## [EXERCISE REQUIREMENTS]
A faithful copy of all the data is the goal; omit the pictures.

## [DATASET EXTRACT]
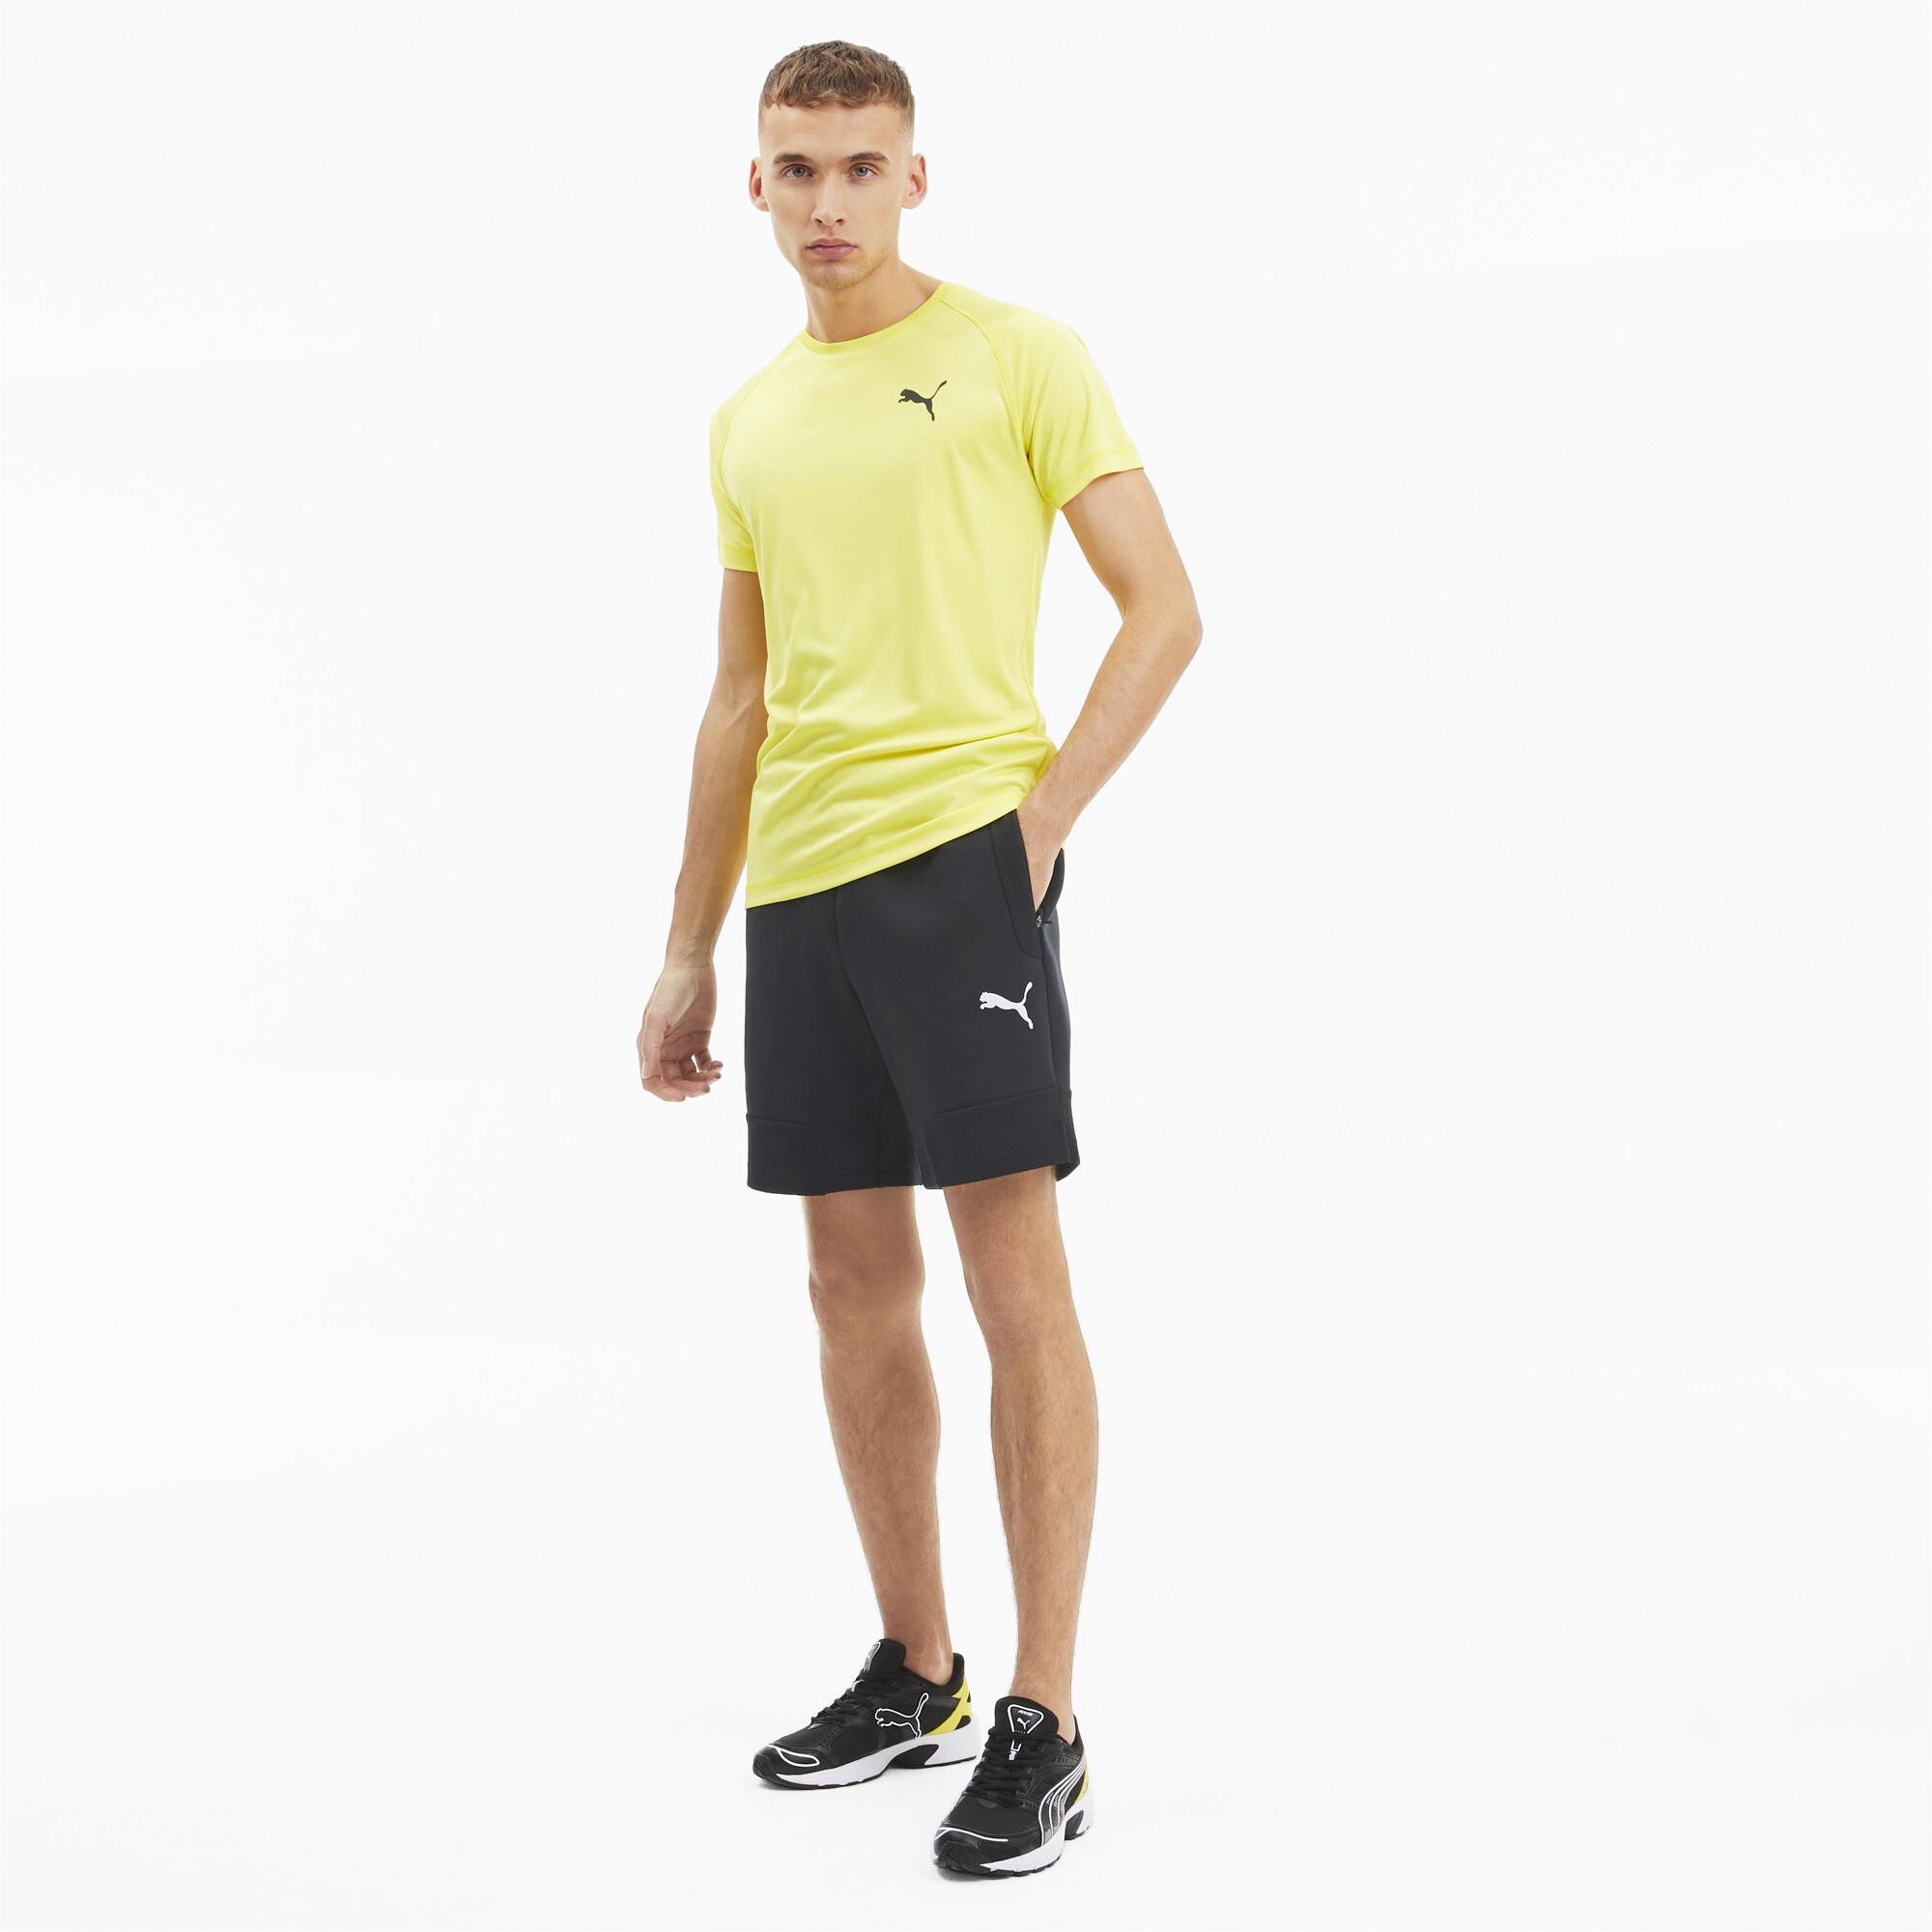 PUMA-Evostripe-Men-039-s-Shorts-Men-Knitted-Shorts-Basics thumbnail 6
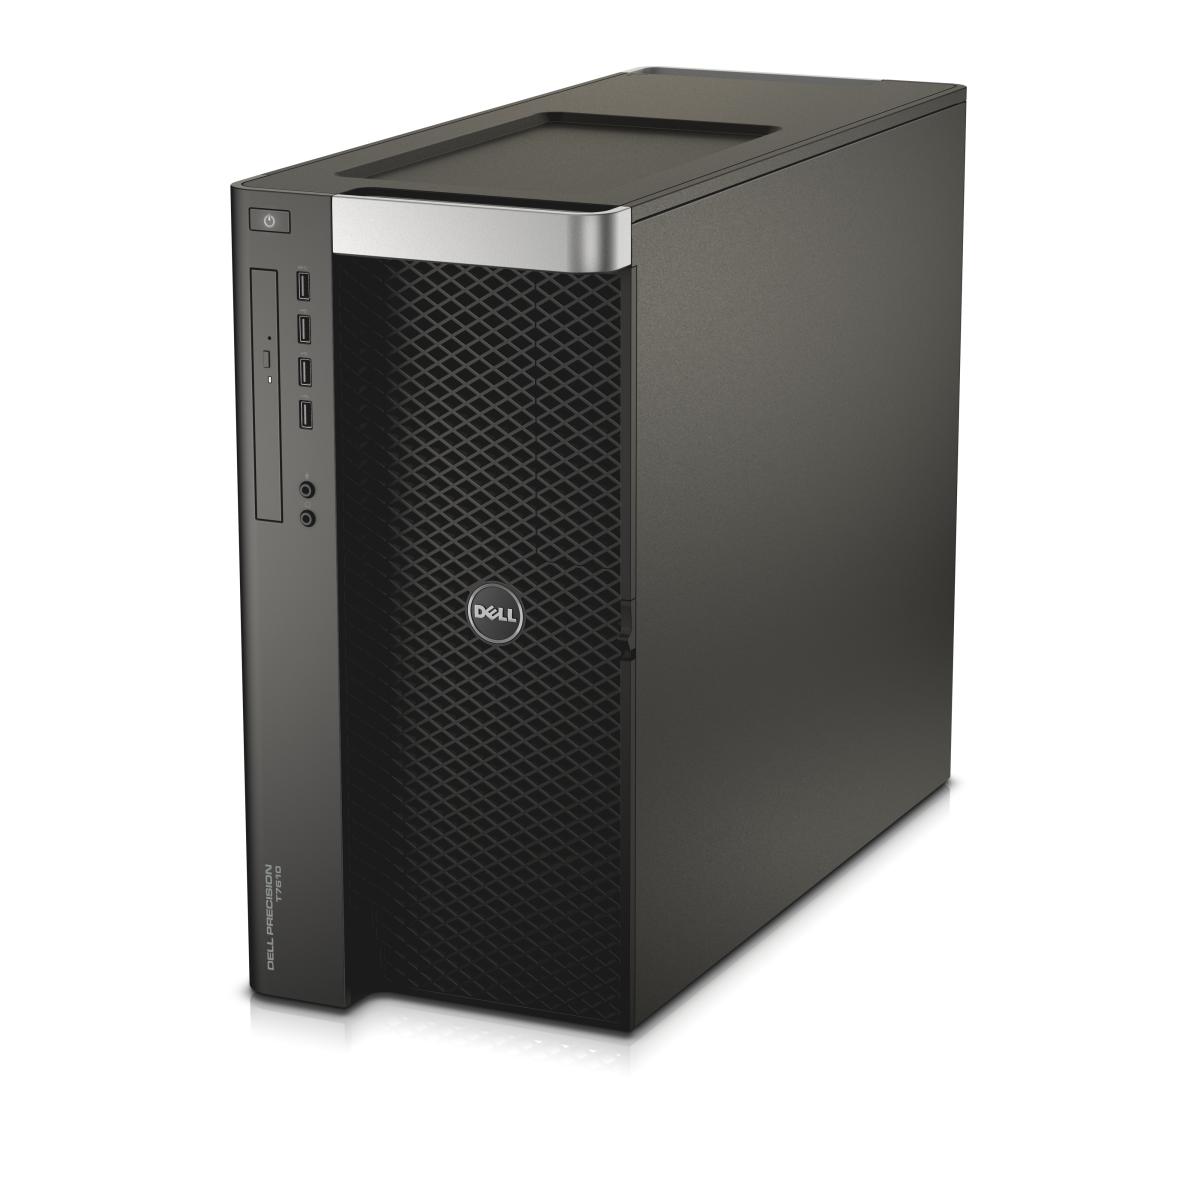 Server Dell Precision T7610 Workstation Berkinerja Tangguh_3
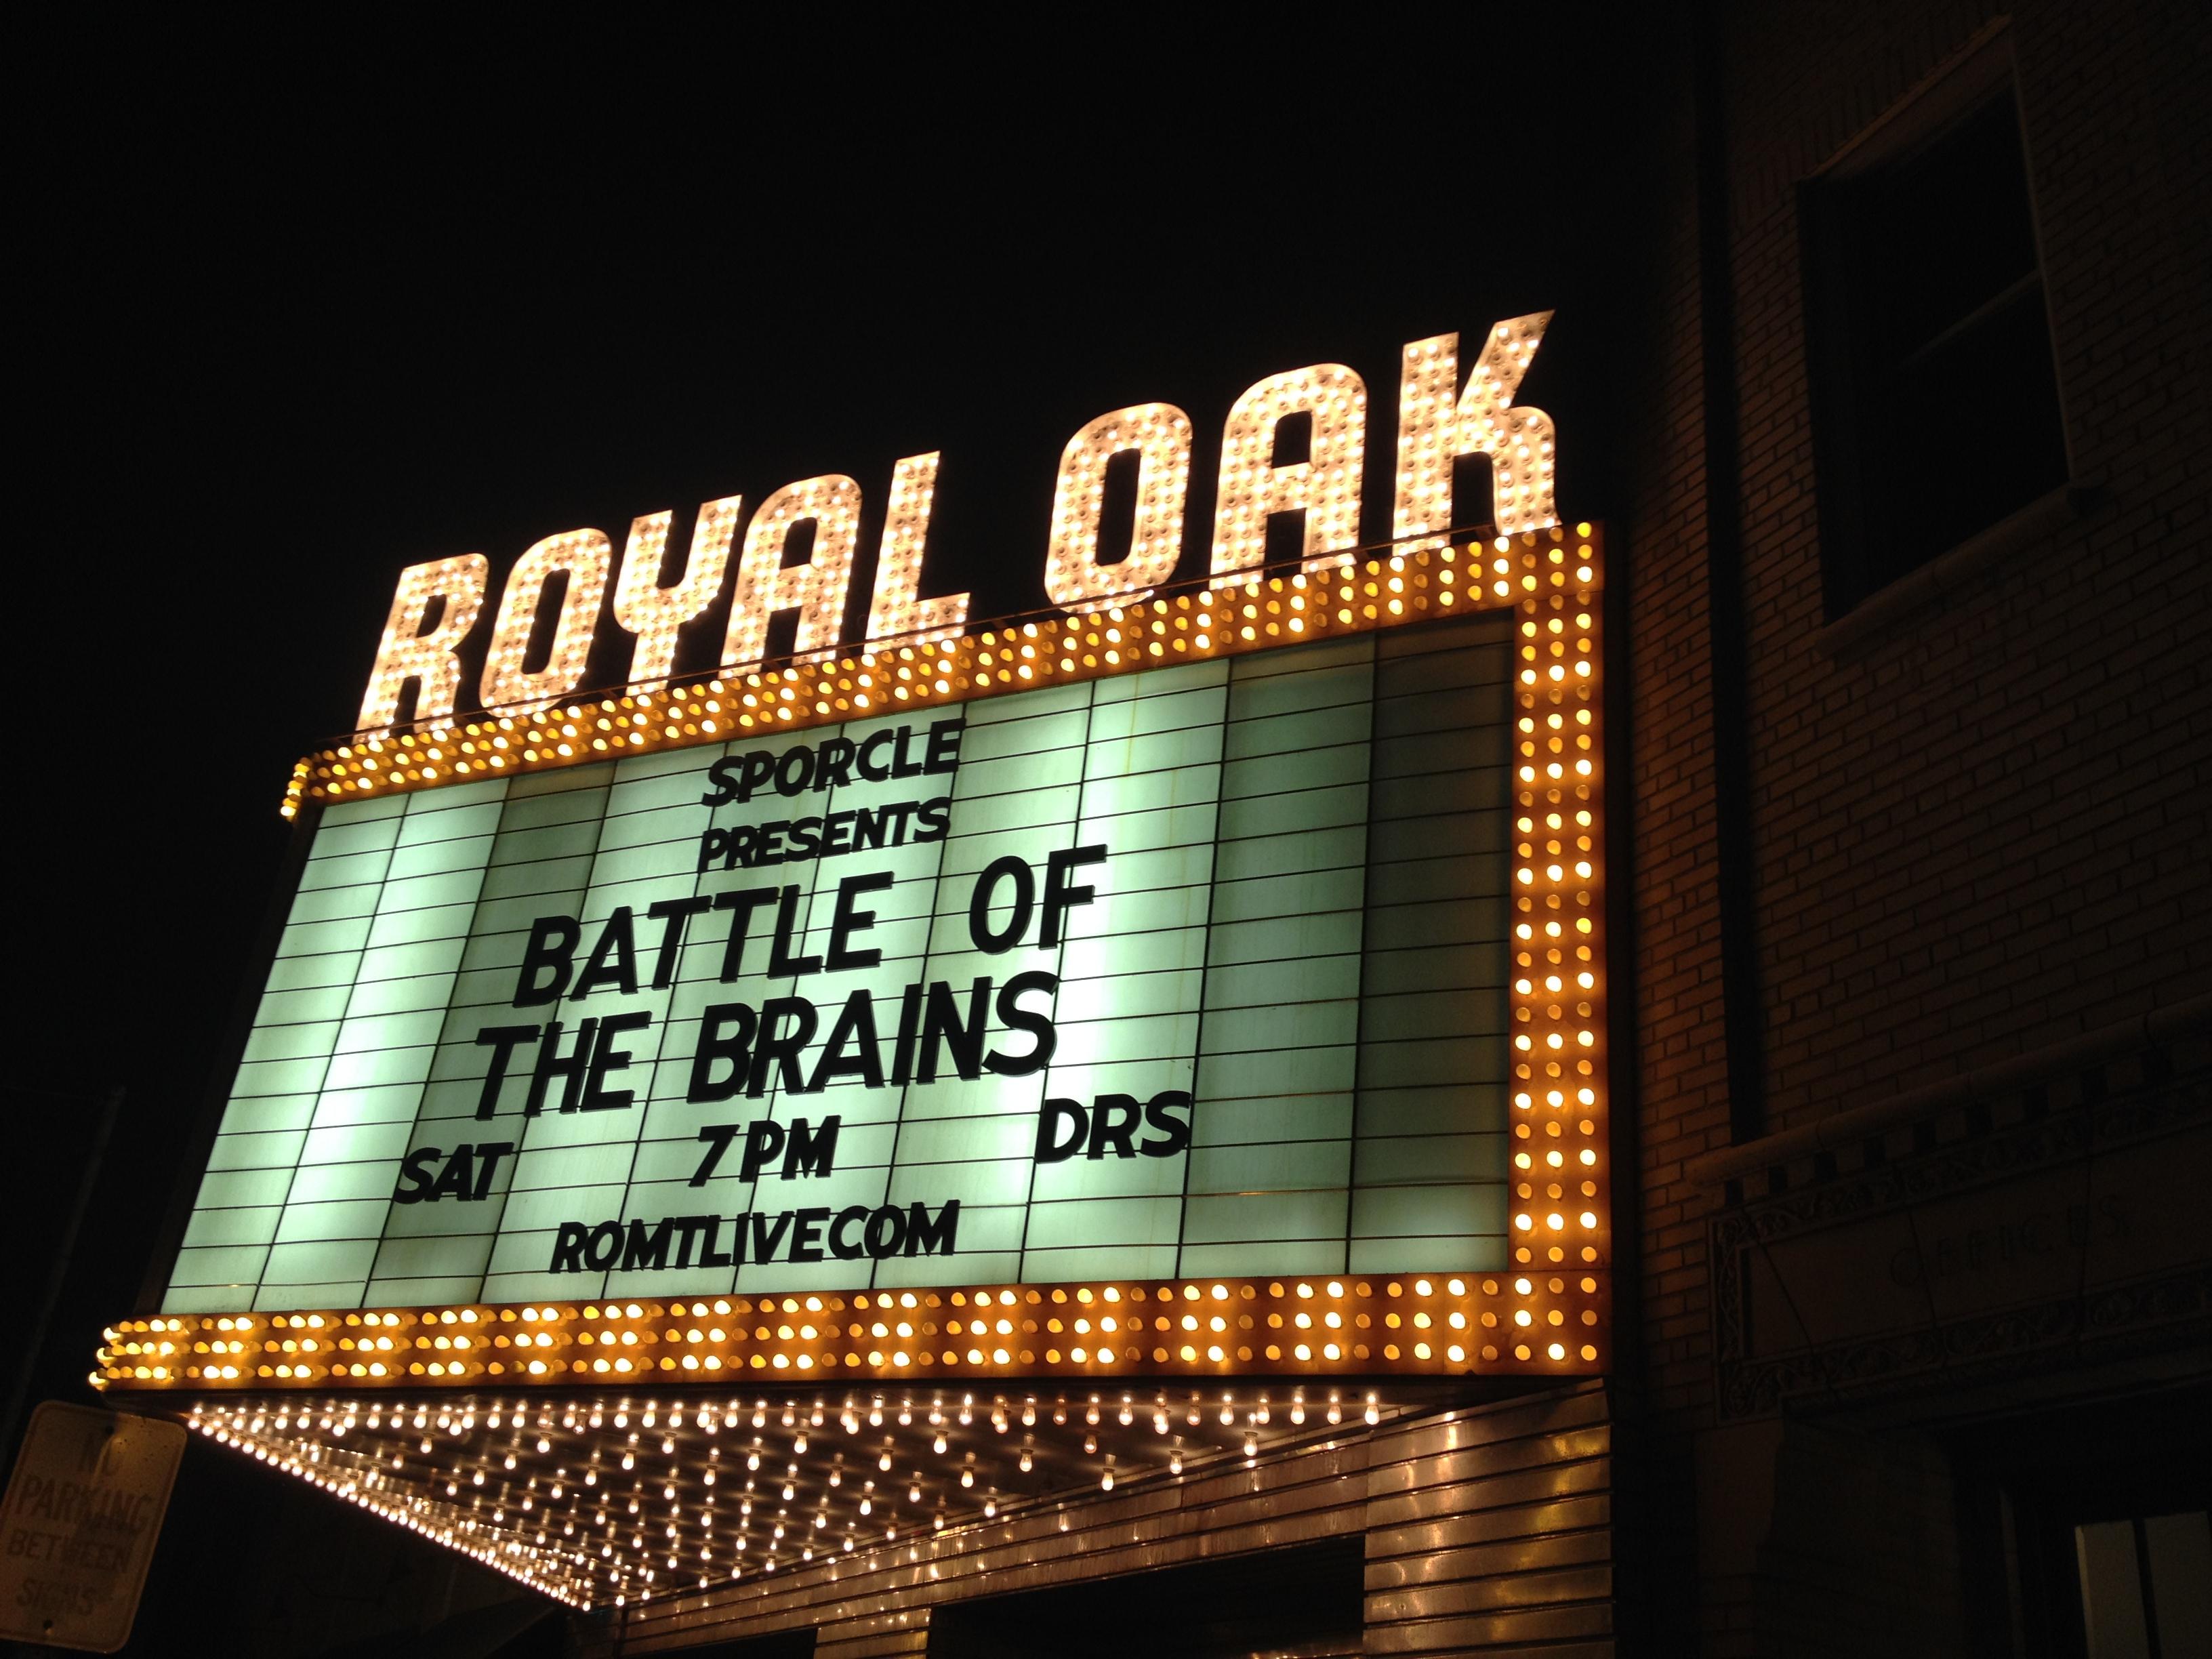 Battle of the brains 2013 recap sporcle blog for Motor city carpet royal oak

## [EXERCISE ANSWER]
 PUMA-Evostripe-Men-039-s-Shorts-Men-Knitted-Shorts-Basics thumbnail 6
 Server Dell Precision T7610 Workstation Berkinerja Tangguh_3
 Battle of the brains 2013 recap sporcle blog for Motor city carpet royal oak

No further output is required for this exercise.